Segment Start: Recorded data

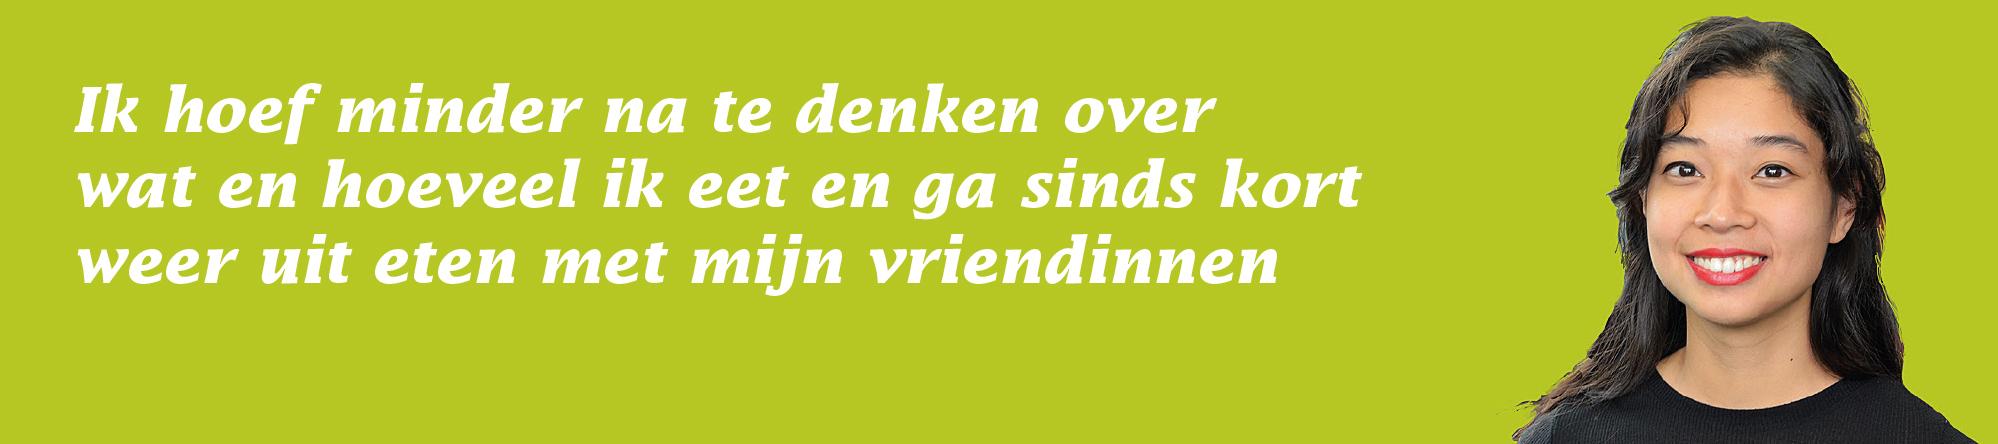 http://de-dietist.nl/wp-content/uploads/2016/09/de-dietist-quote-sam.jpg
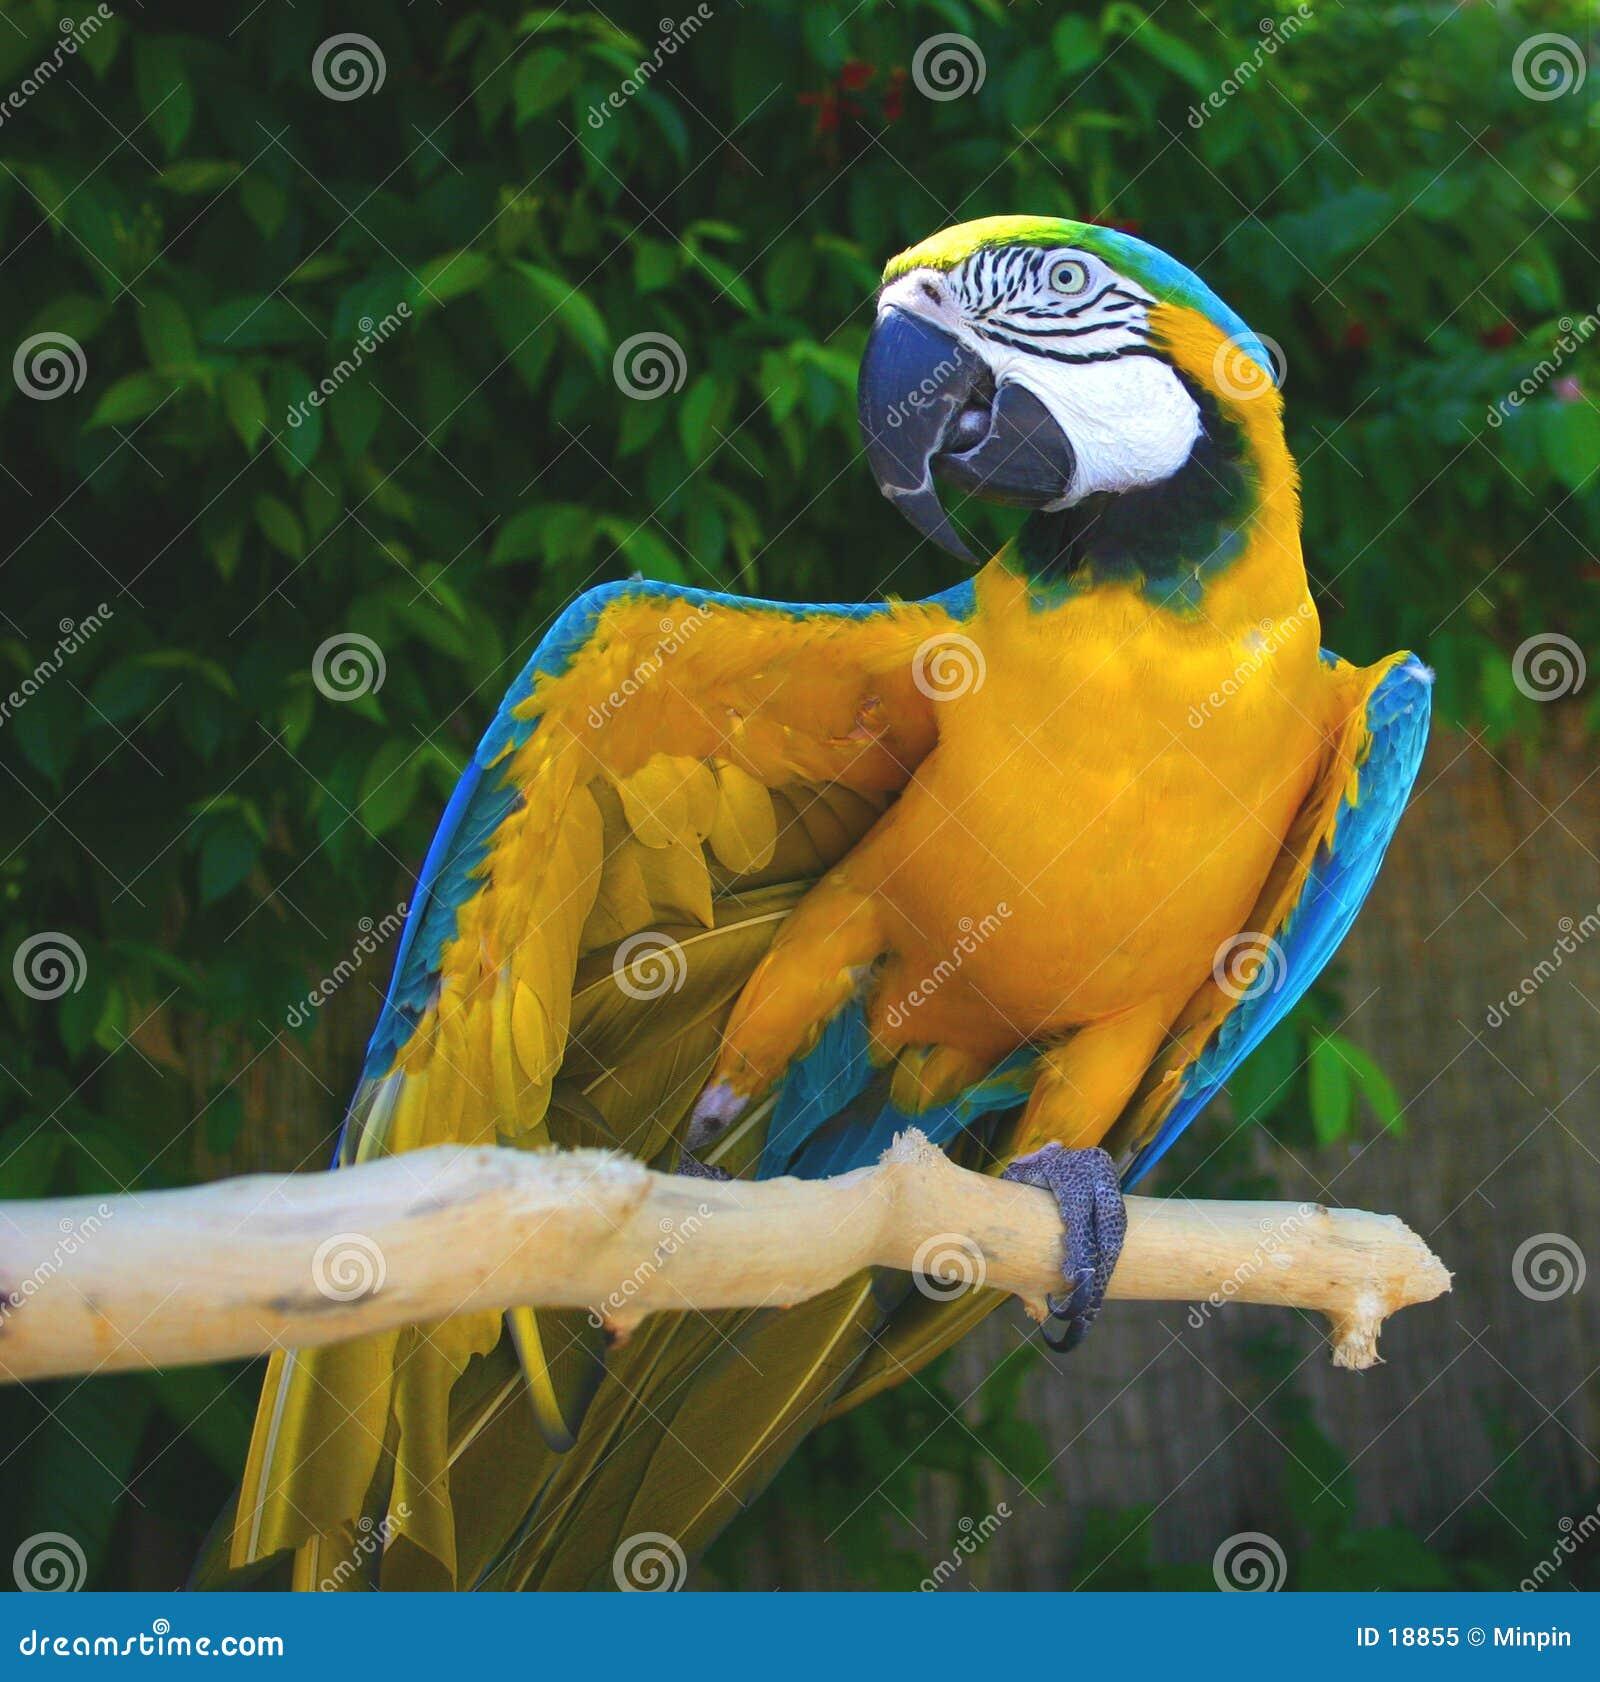 Max z papuziego wykazując
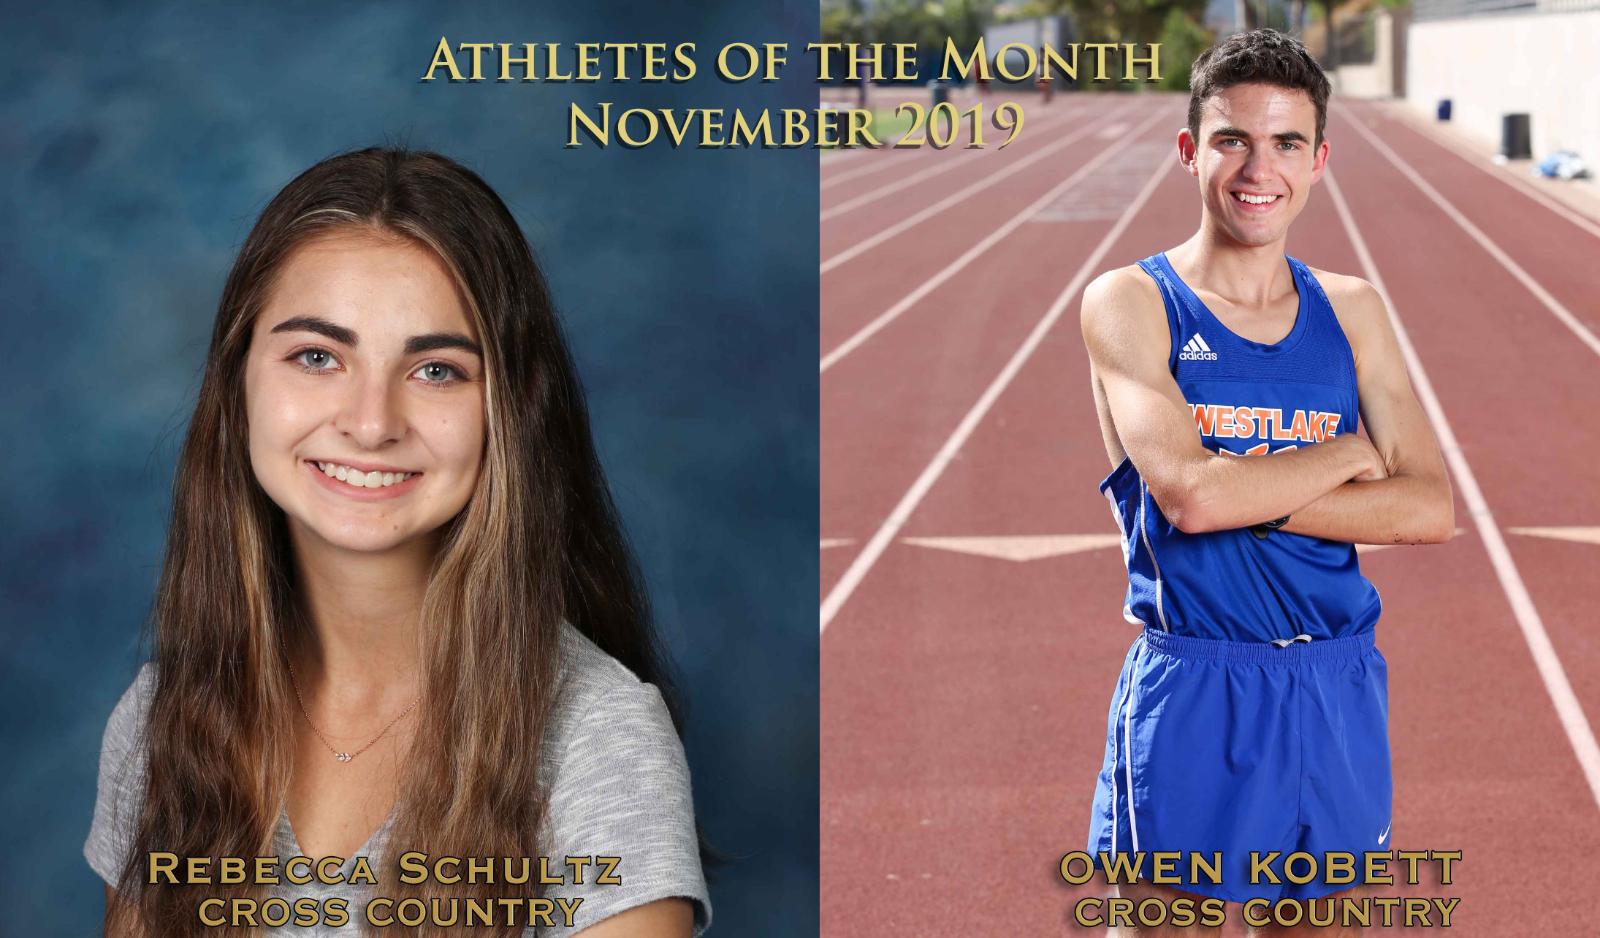 Schultz, Kobett Named November Athletes of the Month

Segment End: Recorded data

▸ **Goal of the exercise**
Exact copy, pictures removed: set down the whole listing above.

▸ **Answer to the problem**
 http://de-dietist.nl/wp-content/uploads/2016/09/de-dietist-quote-sam.jpg
 Max z papuziego wykazując
 Schultz, Kobett Named November Athletes of the Month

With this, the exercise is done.